Special Envoy to Ukraine, appointed by President Trump. He is retired Lieutenant General with a distinguished military career.
He has served as the national security advisor for former Vice President Mike Pence, chief of staff and executive secretary for the National Security Council during Trump's first term. Extensive experience in national security and Ukraine-Russia policy make him now the key diplomat during this pivotal time for Ukraine, General Kellogg.
Welcome. Thanks for joining me.
Hey, Glenn. Thanks for having me on.
It's good to be with you. Thank you.
I want to talk to you because I know we're in the middle of negotiations and there's some things that you just can't say, but let's talk about the things that you're comfortable in sharing. We're in the middle of this ceasefire now.
Ukraine agreed to a 30-day ceasefire. Can you talk a little bit about how we got there? I mean, Biden, it didn't even seem like they were attempting to do that.
We just kept doubling down on things that were making it worse. What's difference in trump's approach uh and uh and what biden was doing and what was that leading us into and and what is this hopefully leading us to what's the difference oh you know glenn what a what a great question look this goes back to when president biden in a press conference said a minimal incursion of Ukraine by the Russians may be OK.

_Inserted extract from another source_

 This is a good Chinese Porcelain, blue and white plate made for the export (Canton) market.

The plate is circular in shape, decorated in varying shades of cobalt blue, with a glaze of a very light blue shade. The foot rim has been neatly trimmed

Well, he didn't understand that a minimal incursion by Putin is significantly different in his interpretation and my interpretation and Putin's interpretation. And then what happened is that Biden didn't even pick up the phone, didn't even talk to Putin in over three years, kind of just said, I'm not going to talk to the guy.
And then he made the comment, as long as it takes, whatever it takes, we're going to support Ukraine. Well, Glenn, that's not a strategy.
It's a bumper sticker. So you basically had a proxy war going on, and the president of our United States refused to even address one of the protagonists in the war, the protagonists in the war.
The difference between President Trump and President Biden is night and day. President Trump believes quite deeply, and he's absolutely right in this, the war wouldn't have started if he was president.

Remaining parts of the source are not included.